Via, Pecunia!1 Пусть она бежит,
Погибнет, сгинет — я верну ее,
Найду беглянку в старой винной бочке!
Осадок, ополоски вин иль пива
Родят ее мне вновь! Вы ж, сэр, чеканьте
Ее из пыли или паутины,
Растите шерсть на скорлупе яичной
Или овес на косточках бараньих
Авось она вернется!

Бен Джонсон

Дилижанс, увозивший Вашингтона со всеми его пожитками и надеждами, под веселое дуденье рожка мчался по улицам Суонси, и полгорода любовалось этим зрелищем из окон или дверей. Но как только дилижанс выехал за городскую черту, он сбавил ход и до следующего поселка тащился еле-еле; у околицы рожок снова весело задудел, и экипаж с грохотом понесся мимо домов. Это повторялось каждый раз, когда дилижанс подъезжал или отъезжал от очередной почтовой станции. Недаром в те времена дети вырастали уверенные, что дилижансы всегда бешено мчатся и что рожок всегда весело трубит.
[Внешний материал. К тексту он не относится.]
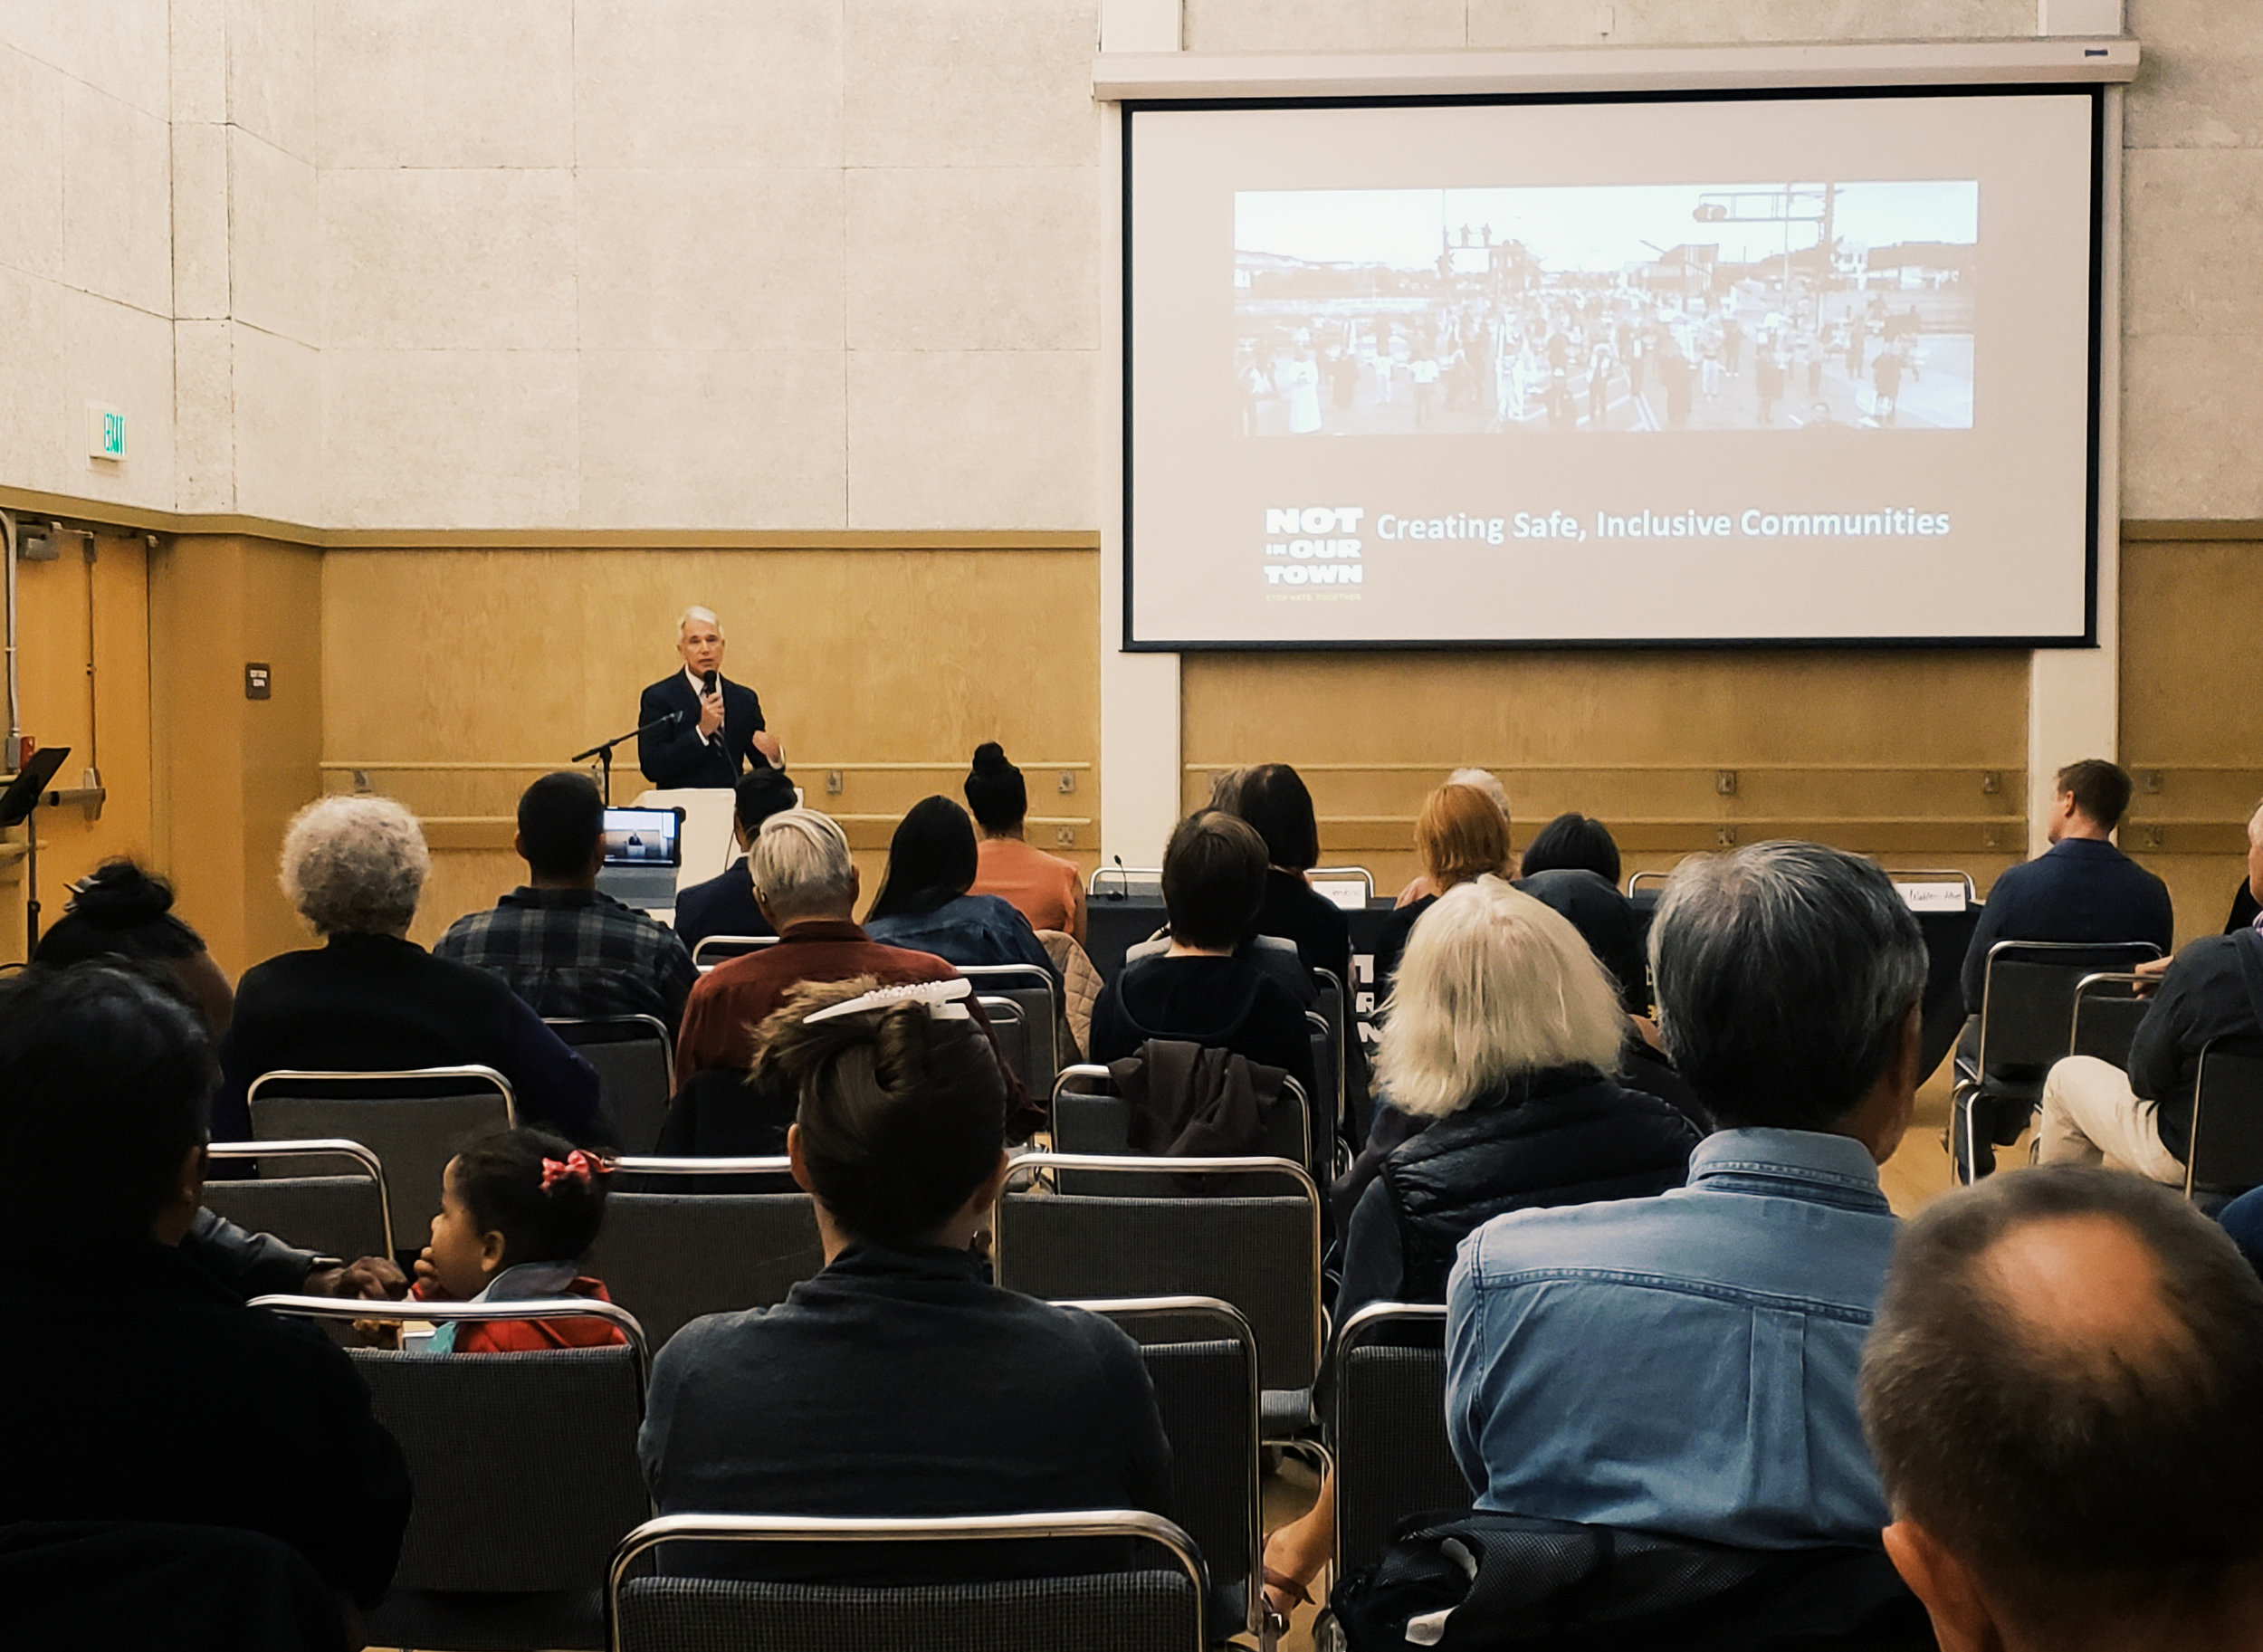 San Francisco District Attorney George Gascón introduces “Light in the Darkness” at the SF screening and community discussion earlier this month.

Впрочем, они также верили, что пираты бросаются в бой в своих лучших, «воскресных», одеждах, с черным флагом в одной руке и с пистолетом в другой, — на картинках пиратов изображали именно так; однако, по мере того как годы наделяли их холодной житейской мудростью, иллюзии рассеивались. Дети узнавали, что дилижанс — это просто жалкое, неуклюжее сооружение, которое тащится по бесконечным пустынным дорогам, а пираты — когда они попадаются не на картинках, а в жизни — всего лишь оборванные и нисколько не романтичные бродяги.

Под вечер дилижанс въехал в Хоукай с подобающей скоростью и торжественным грохотом, что было вполне понятно и уместно, ибо для центрального Миссури Хоукай мог считаться вовсе не таким уж маленьким городком. Усталый и проголодавшийся Вашингтон выбрался из экипажа и распрямил затекшие ноги, ломая голову над тем, что делать дальше. И тут же облегченно вздохнул: в конце улицы показался полковник Селлерс, — не прошло и минуты, как он, запыхавшись, подбежал к станции.
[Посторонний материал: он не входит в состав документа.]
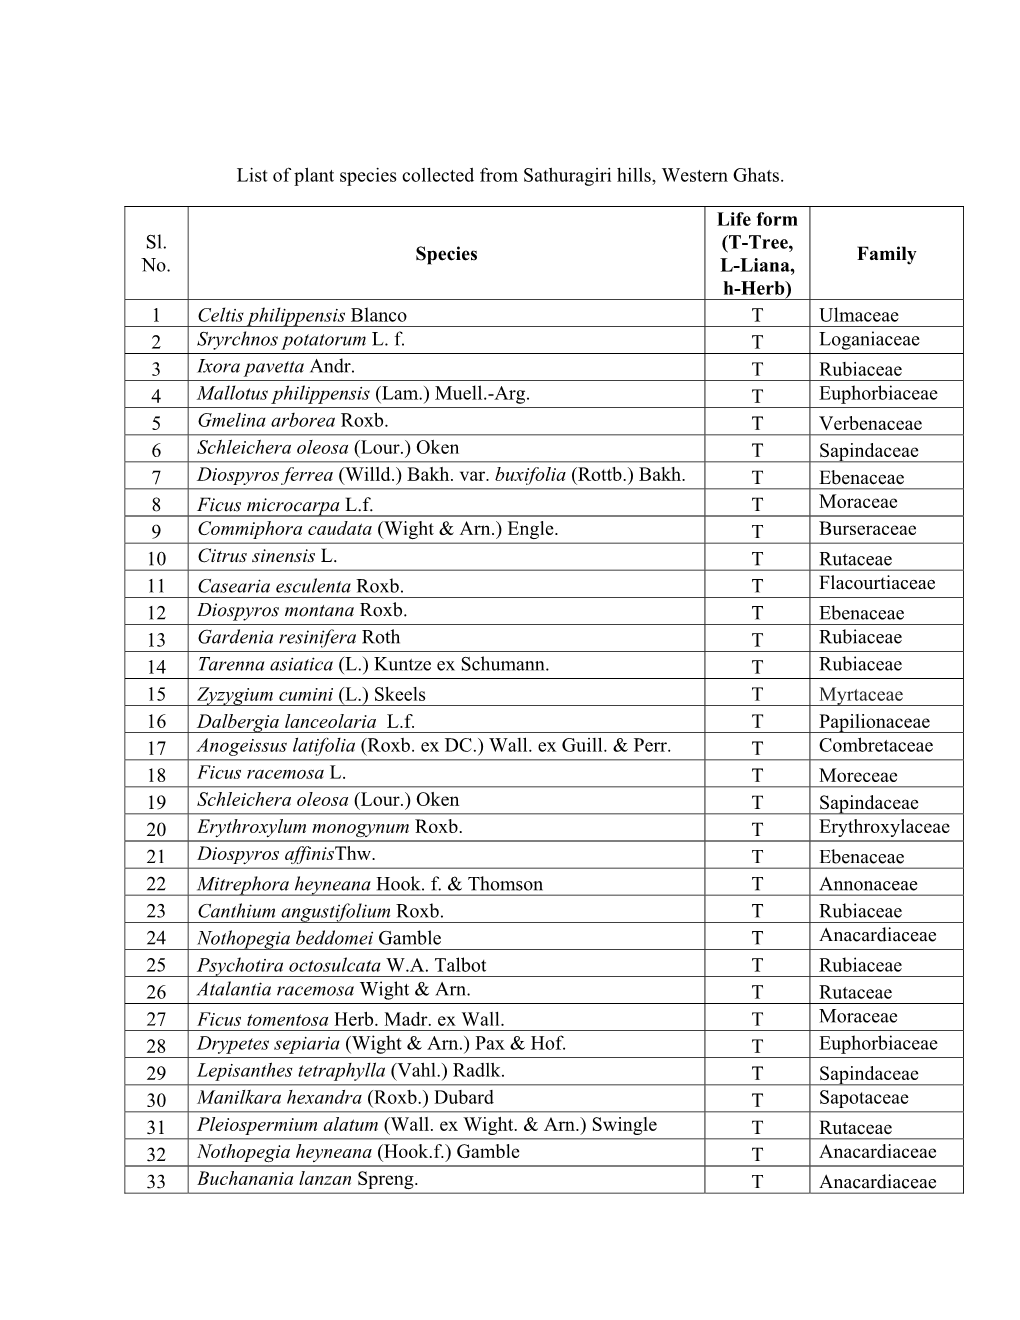 List of Plant Species Collected from Sathuragiri Hills, Western Ghats

— Рад тебя видеть, Вашингтон, — заговорил он, — просто счастлив видеть тебя, мой мальчик, да хранит тебя бог! Письмо твое получил. Поджидал тебя. Слышал почтовый рожок, но не мог сразу бежать — разговаривал с одним человеком; он затеял грандиозное дело, хочет, чтобы я вложил в него кое-какой капитал, и, поверь мне, я мог бы найти ему худшее, гораздо худшее применение. Нет, нет, оставь свой багаж в покое, сейчас я все улажу. Эй, Джерри, ты не занят? Ну так взвали на спину это сокровище и ступай за мной. Идем, Вашингтон. Боже, как я рад тебя видеть! Жена и дети ждут тебя не дождутся. Да они тебя и не узнают, так ты вырос! Надеюсь, дома все здоровы? Вот и хорошо, рад слышать. Мы все собирались съездить повидаться с вами, но уж очень много дел, и все они не из тех, которые можно кому-нибудь передоверить. Так и откладываешь поездку со дня на день. А какие в этих краях возможности! Господи боже мой, здесь деньги можно загребать лопатой! Вот мы и пришли, вот тут и обретается династия Селлерсов. Сваливай все на крыльцо, Джерри. Чернее его нет негра во всем Миссури, Вашингтон, но сердце у него доброе, — он славный малый, этот Джерри! Ты, наверное, ждешь свои десять центов, Джерри? Правильно: всякий, кто работает на меня... Всякий, кто... Не в тот карман полез я, что ли? Всякий, кто... Куда это мой кошелек запропастился? Всякий... Ничего не понимаю! А, вспомнил! Я его забыл в банке, и убей меня бог, если я не оставил там же свою чековую книжку; недаром Полли говорит, что мне нужна нянька. Ну ладно, дай ка мне десять центов, Вашингтон, если у тебя есть...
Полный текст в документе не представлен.